EXERCISE DETAILS: All records below are to be repeated exactly, with the pictures left out.

TASK INPUTS:
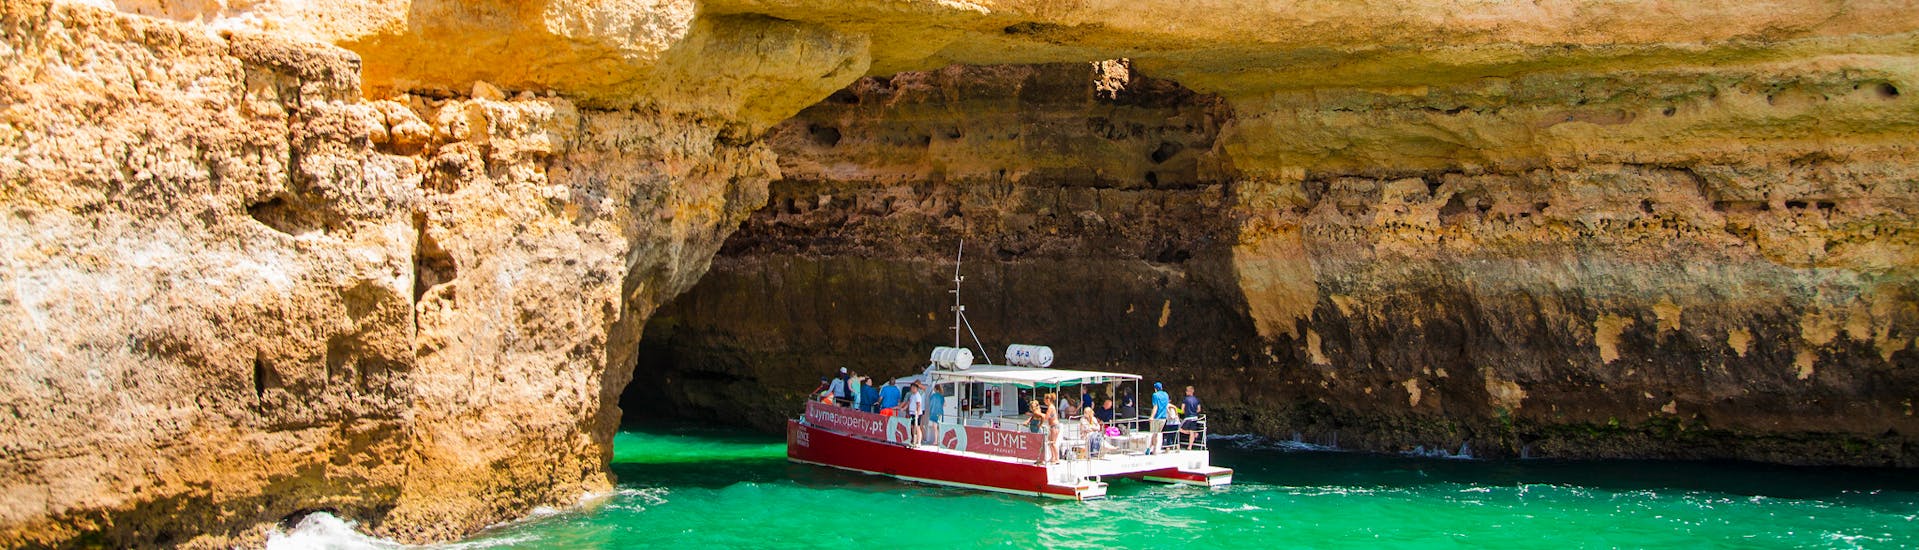 Mehrere Boote besuchen während einer Bootstour eine Höhle am Ufer.
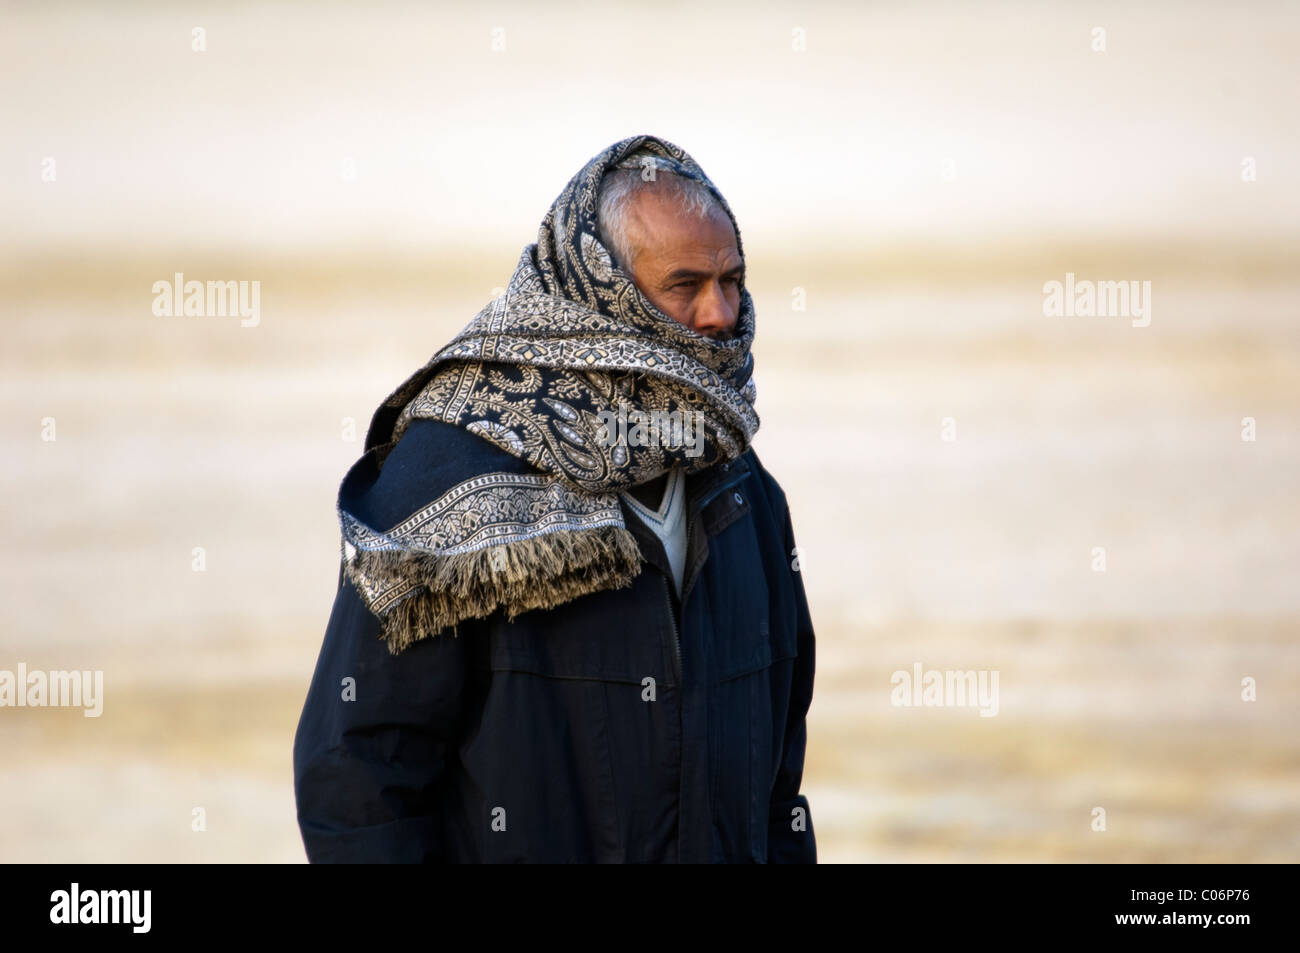 L'Homme égyptien couvert de foulard pour se protéger du froid Photo Stock -  Alamy
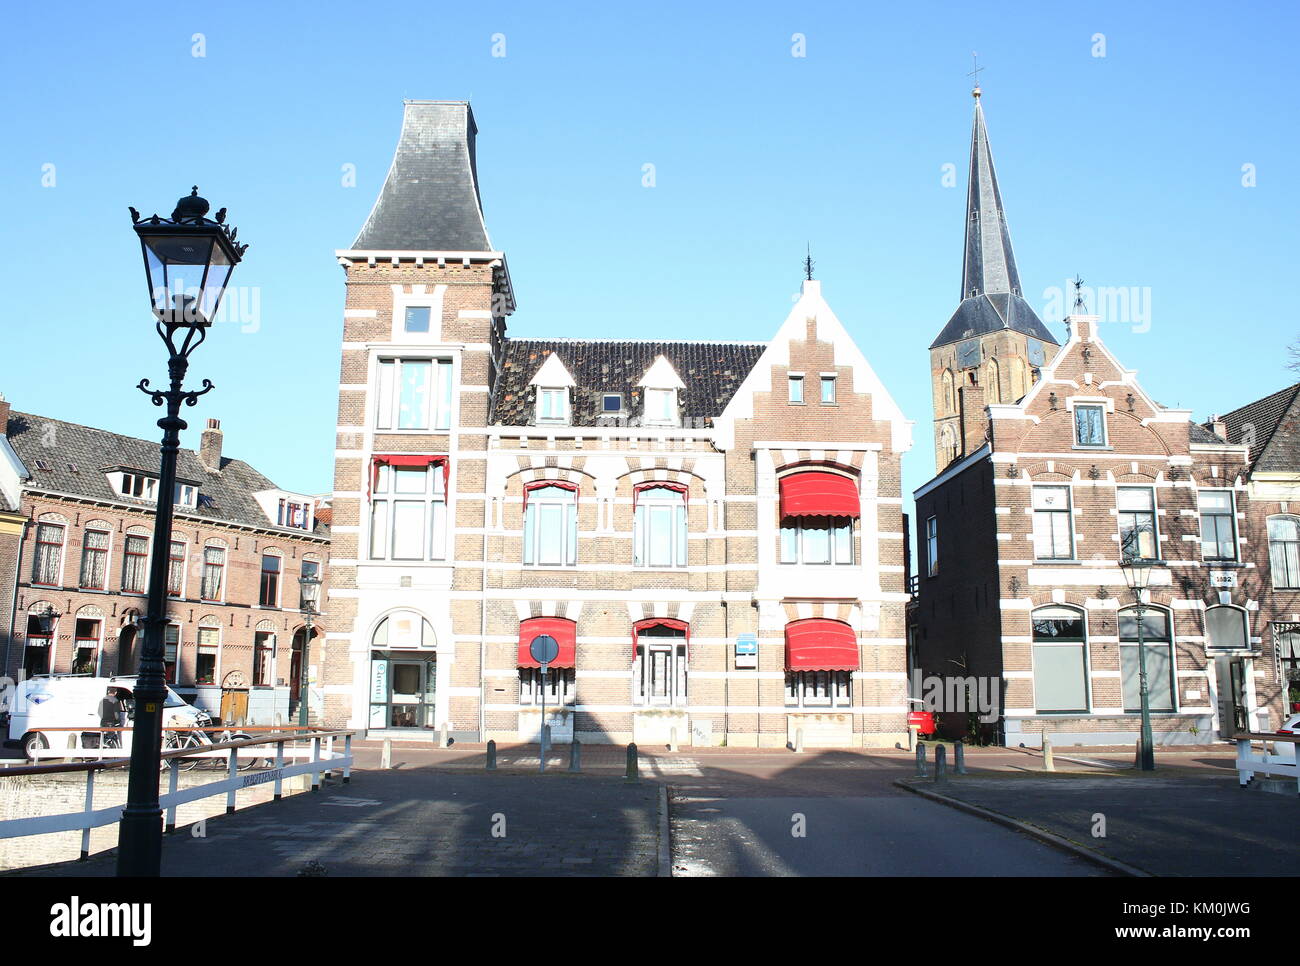 Burgwal Canal, guardando verso San medievale Nicolaaskerk (Bovenkerk) Chiesa, Kampen, Paesi Bassi Foto Stock
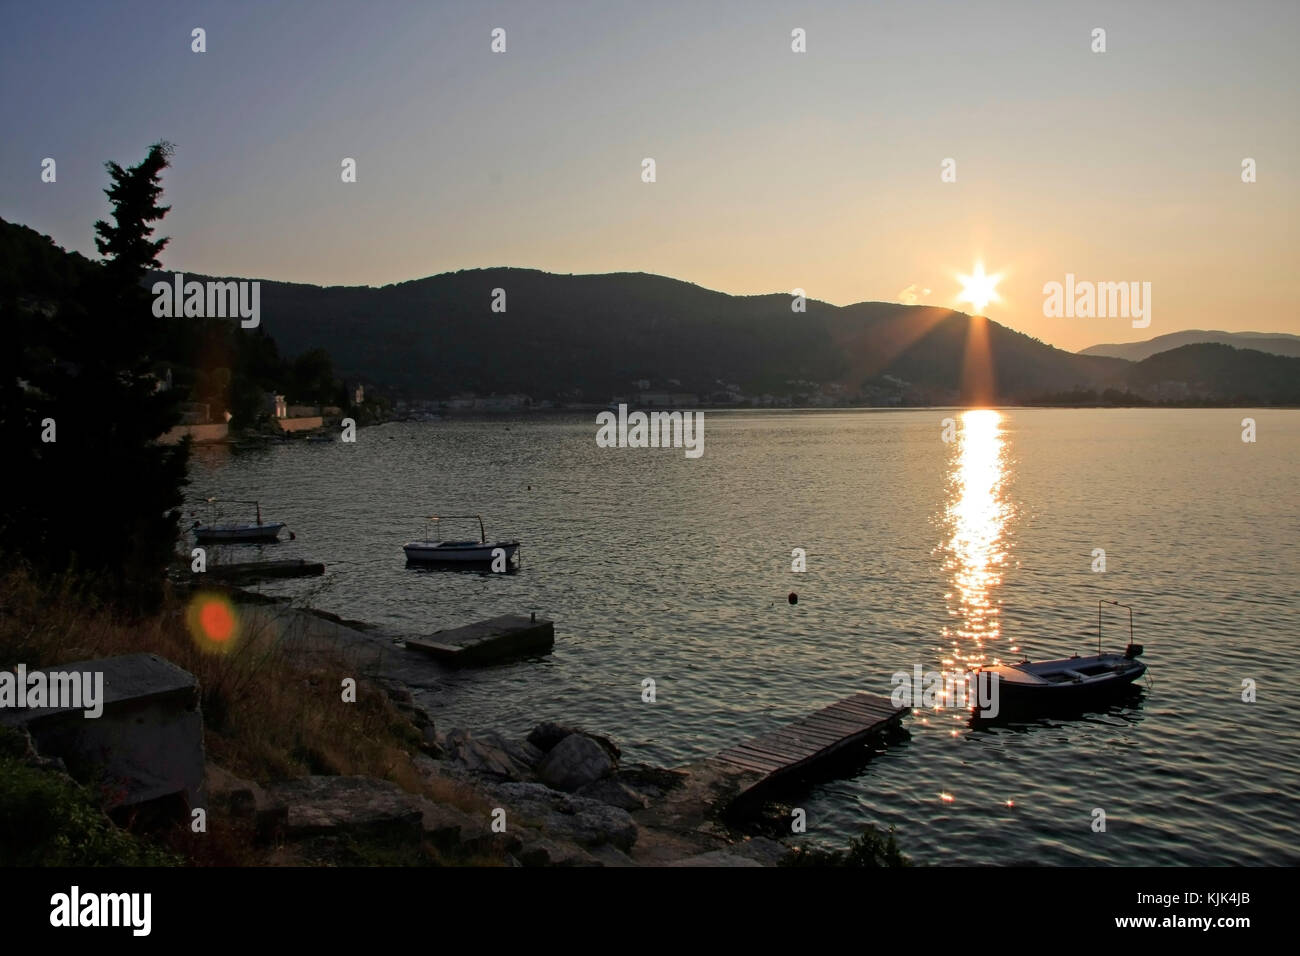 Sonnenuntergang in der Bucht von Saint George der Stadt Vis, eine Stadt auf der gleichnamigen Insel in der Adria im Süden Kroatiens. Stockfoto
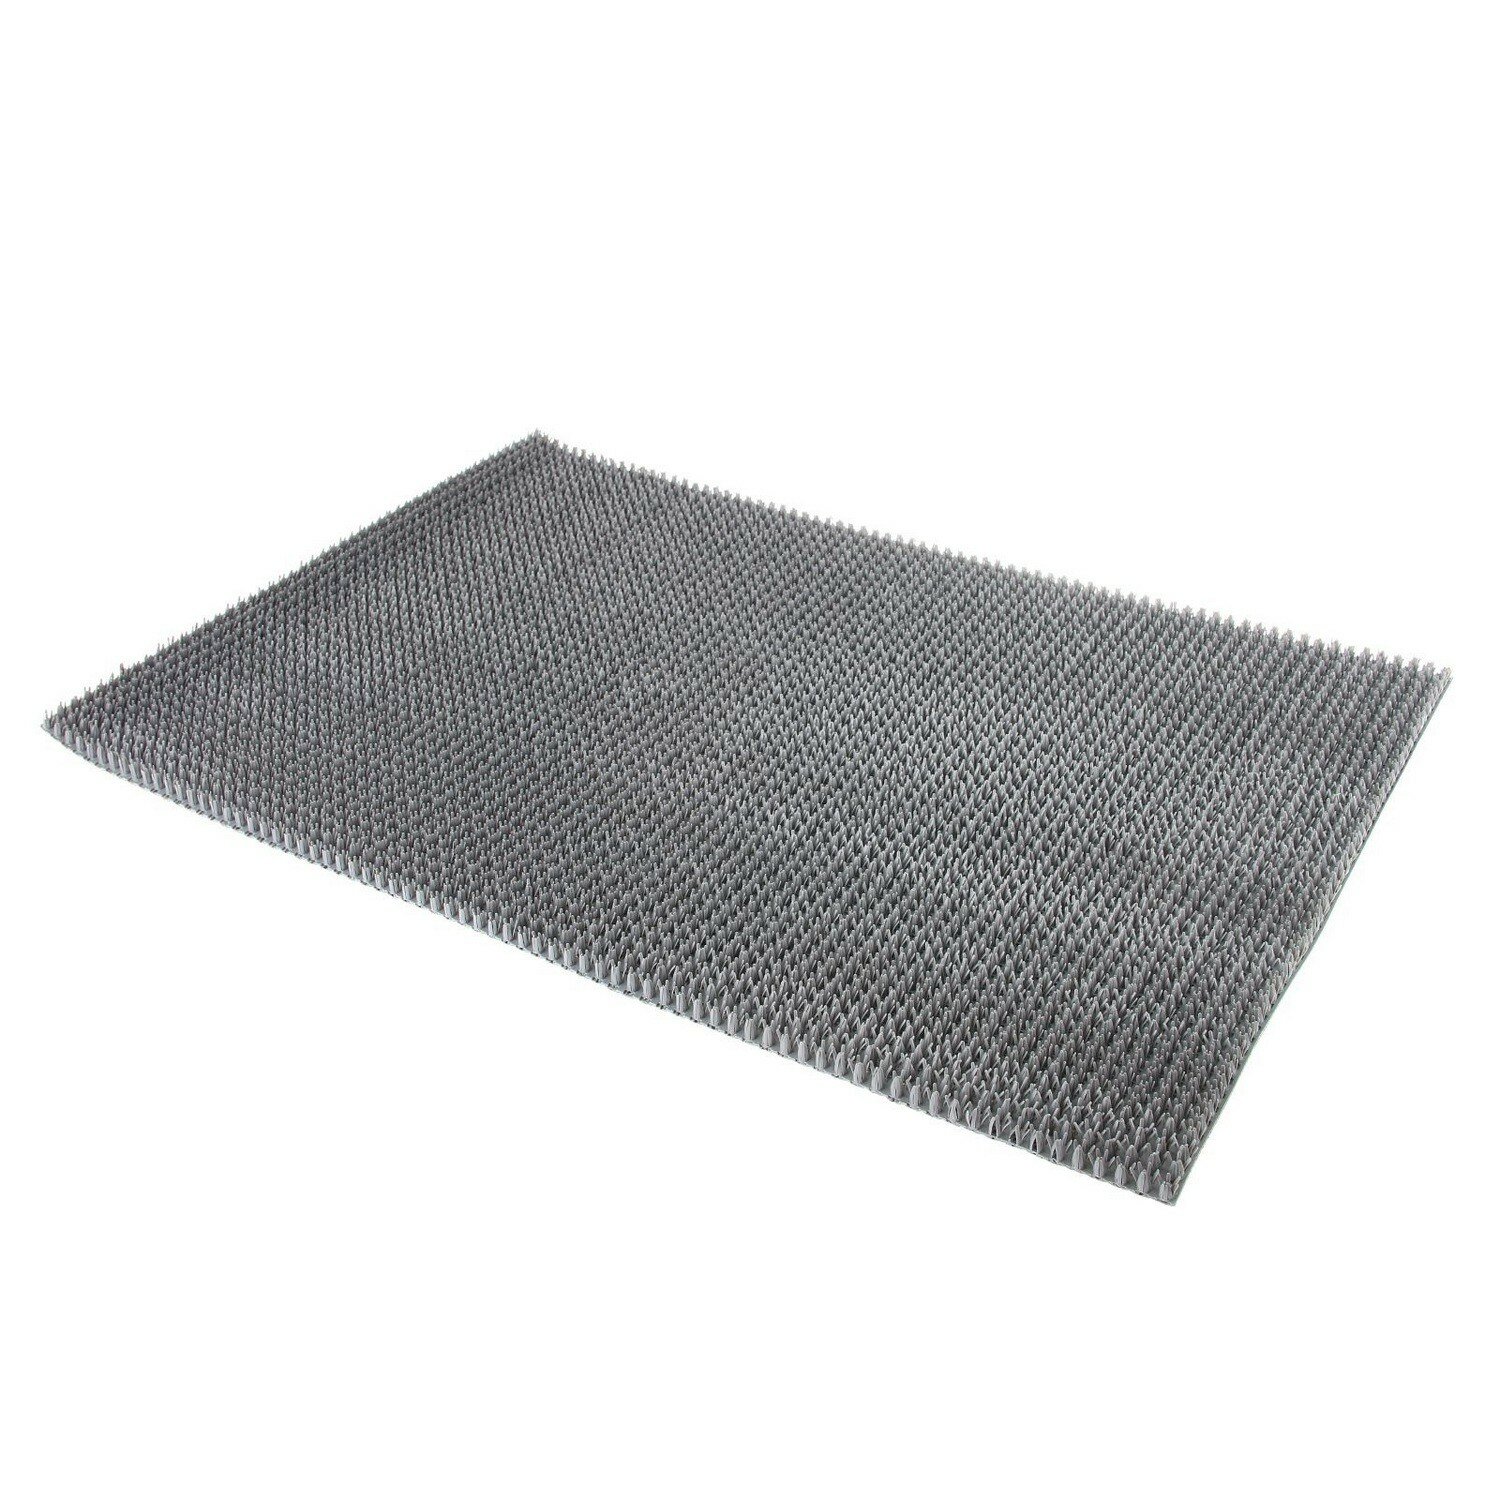 Покрытие ковровое щетинистое Inloran, 45х60 см

SOLUTION TO THE PROBLEM:
 Mehrere Boote besuchen während einer Bootstour eine Höhle am Ufer.
 L'Homme égyptien couvert de foulard pour se protéger du froid Photo Stock -  Alamy
 Burgwal Canal, guardando verso San medievale Nicolaaskerk (Bovenkerk) Chiesa, Kampen, Paesi Bassi Foto Stock
 Sonnenuntergang in der Bucht von Saint George der Stadt Vis, eine Stadt auf der gleichnamigen Insel in der Adria im Süden Kroatiens. Stockfoto
 Покрытие ковровое щетинистое Inloran, 45х60 см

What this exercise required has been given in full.